La médiation familiale, en s'assurant que les décisions familiales sont prises par le couple, en tant qu'entité, et non unilatéralement par chacune des personnes constituant le dit couple, participe à l'unité parentale en s'opposant à la tendance dictée par la stricte loi de l'individualisme.
Petit à petit se construit ainsi la cohésion familiale, fondement de la cohésion sociétale.
La cohérence sociale, qui naît de cette discipline familiale, s'oppose ainsi à celle fondée sur la seule règle du
chacun pour soi.
Il ne s'agit pas d'un conseil conjugal (propre aux époux et très éloigné pour l'enfant), mais de l'apprentissage et de l'exercice d'une pratique commune (propre à la parentalité) au coeur de laquelle chacun se met à adopter le point de vue de l'autre, avant d'agir seulement, et seulement
comme cela l'arrange.
L'effet structurant pour la cellule familiale forme un exemple de proximité pour l'enfant d'un mode de fonctionnement qui le frustre de celui de tous les regards centrés sur sa petite personne. Celui-ci générant souvent une personnalité dans laquelle tout est dû à l'enfant, et le sentiment d'incompréhension qui s'en suit lorsque ce dû, exclusif et excluant, n'est pas au rendez-vous. Ce sentiment favorise la révolte.

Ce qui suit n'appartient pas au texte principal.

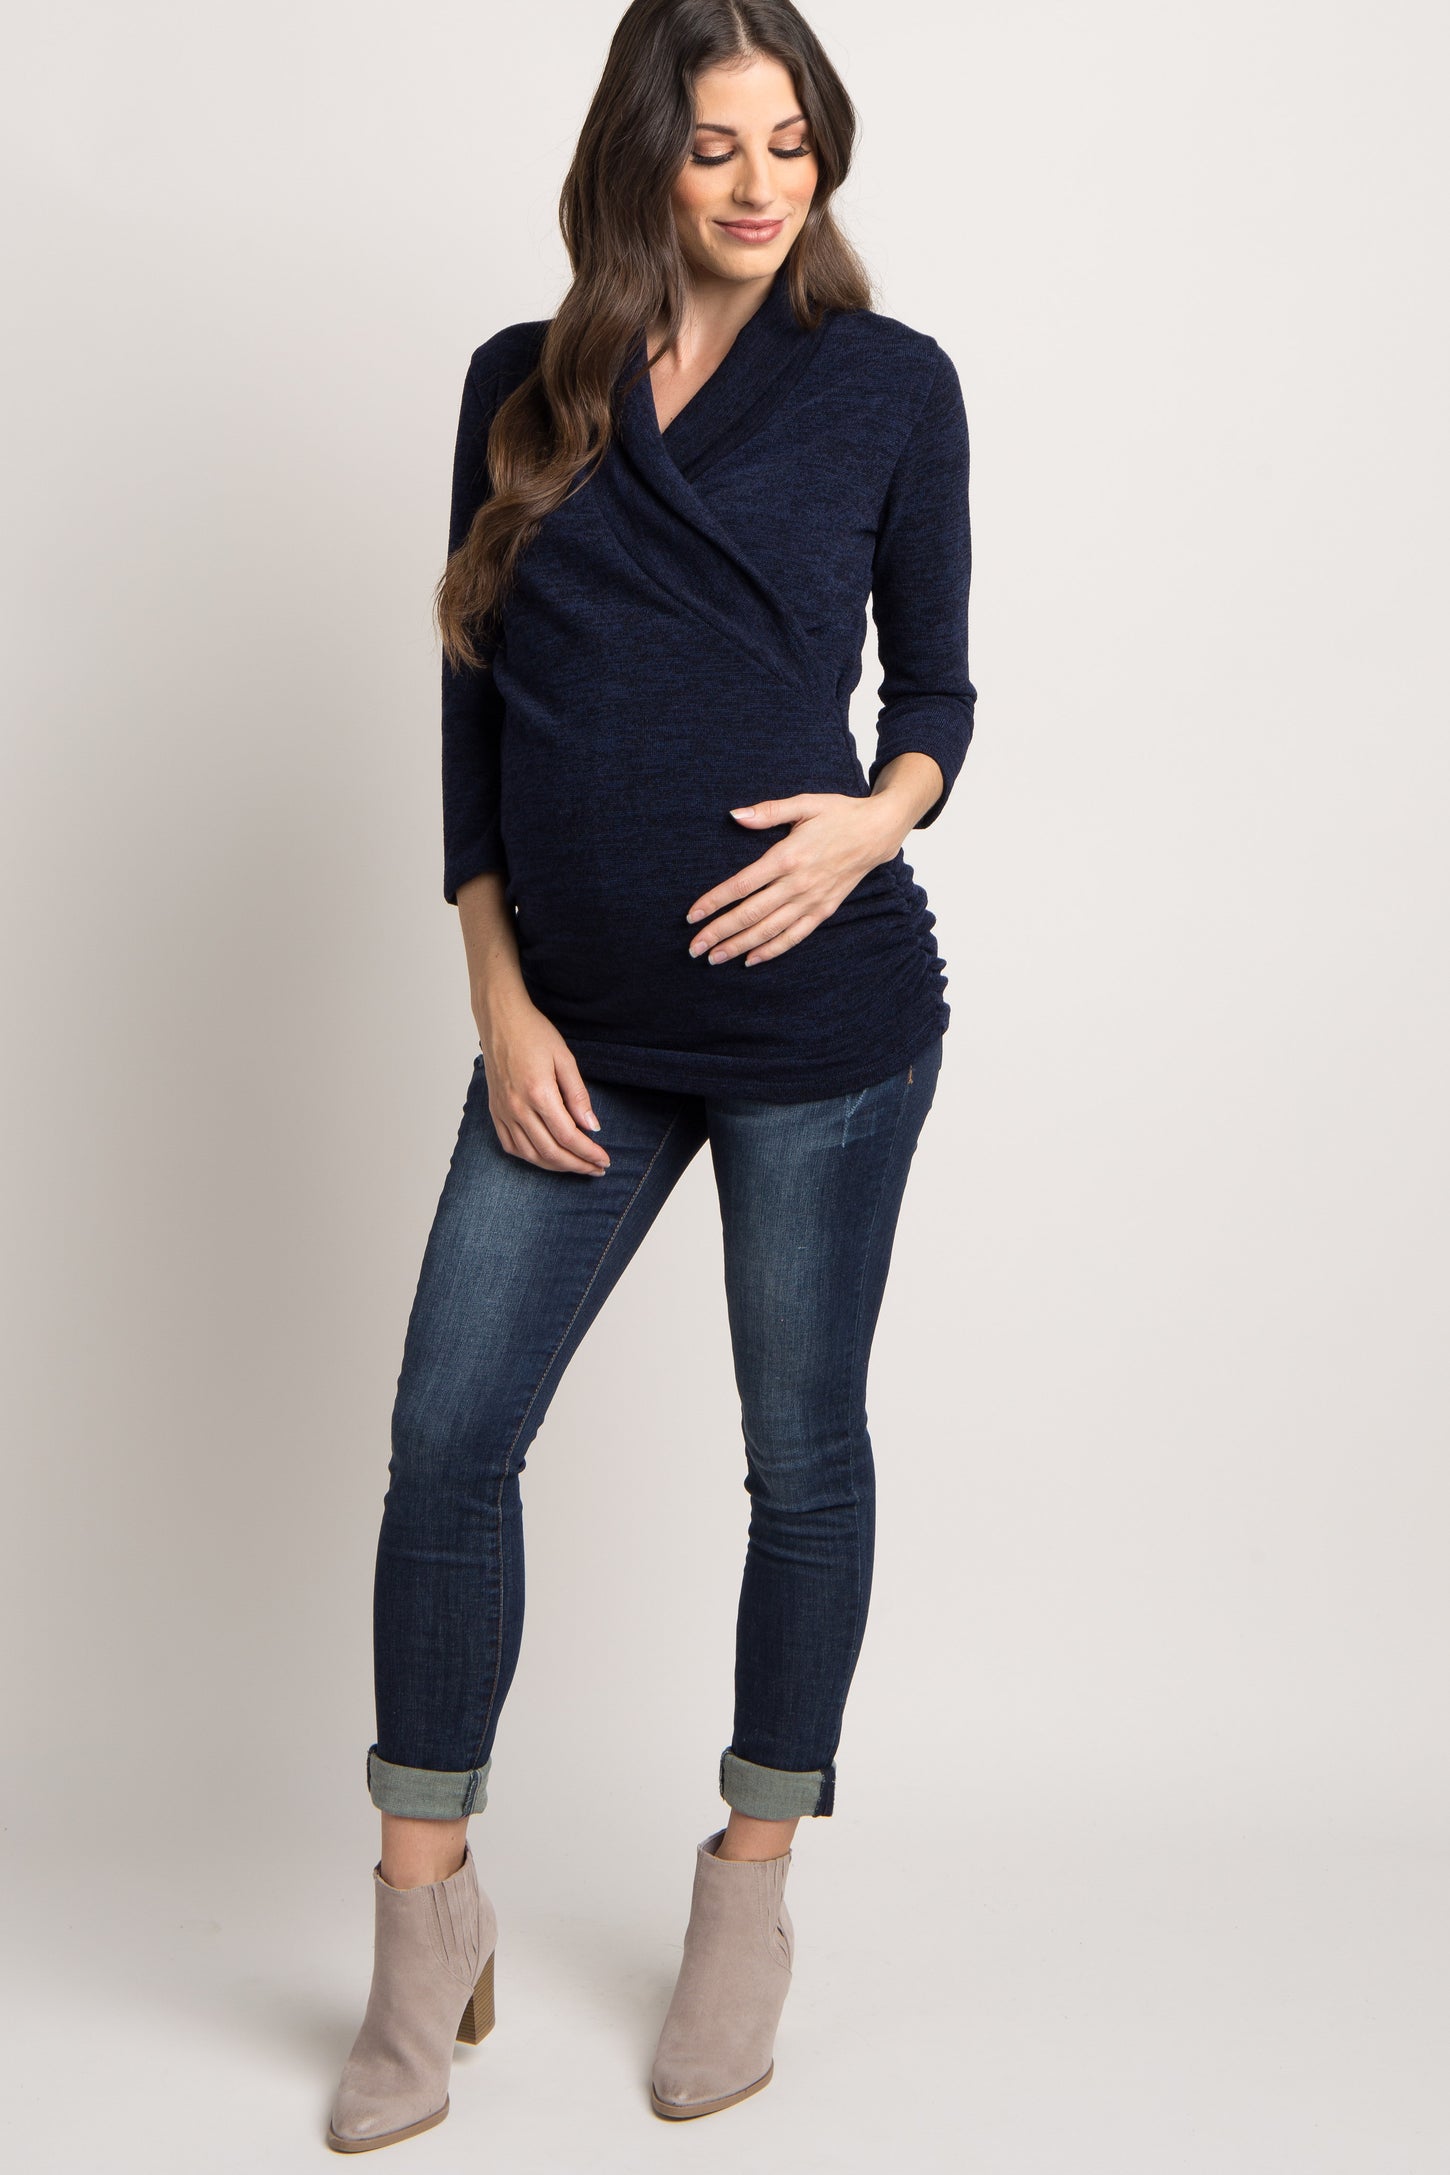 Navy Blue Knit Maternity/Nursing Top

Par ailleurs, ne dit-on pas que
c'est par la frustration que l'enfant grandit ?
Si l'on observe que la frustration d'un des deux parents, voire des deux, conduit souvent l'enfant vers des troubles de l'identité et du comportement, ce type de frustration n'engendre pas un effet éducatif vertueux.
La frustration ne doit pas être un manque, mais l'exercice d'un conflit personnel que l'enfant doit apprendre à dépasser (à transcender) pour se positionner lui-même dans le groupe familial, grâce au concours de l'exemplarité parentale.
L'enfant forme ainsi ses premiers pas vers sa liberté. Il apprend à autodéterminer ses champs d'investigation, et se fixer ses propres limites, relativement aux autres, dans les premières mises en situation de son existence. Les apprentissages scolaires sont validés par les prolongements quotidiens de la vie familiale, et réciproquement.
L'enfant n'est plus
un suiveur subissant un mouvement ambiant, mais
un acteur de la formation de son propre mouvement existentiel.
L'autorité parentale conjointe est aussi celle que l'enfant doit s'administrer lui-même à terme, en ayant saisi tous les tenants et les aboutissants du choix qui fait autorité dans sa propre famille, physique et idéologique.
Grandir en évitant la délinquance, c'est apprendre à respecter autrui, mais aussi à se faire respecter.
L'école familiale qui apprend à former une prise de décision par la respect de l'avis de l'autre, et dans le respect de tous les avis exprimés, c'est à dire dans la compréhension des intérêts en présence, permet de lutter contre la délinquance.
Beaucoup plus largement, la mutualisation des familles fonctionnant de la sorte vient au soutien d'une société forte de ses liens, en sachant pratiquer l'observation de l'altérité démocratique dans ses tissages relationnels, ses possibilités et ses réserves.
La décision qui l'emporte n'est pas celle de telle ou telle communauté au pouvoir privilégié, mais celle qui fédère toutes les communautés dans un rapport républicain. C'est la force du milieu, au sens de choix médian, qui triomphe.
La réaction de catastrophe (dont délinquance) potentielle à toute décision dirigiste ou communautariste peut être évitée.
Ainsi est ma vision de la médiation, non seulement dans le cadre familial, mais avec transversalité à tous ceux de la société civile, française et européenne.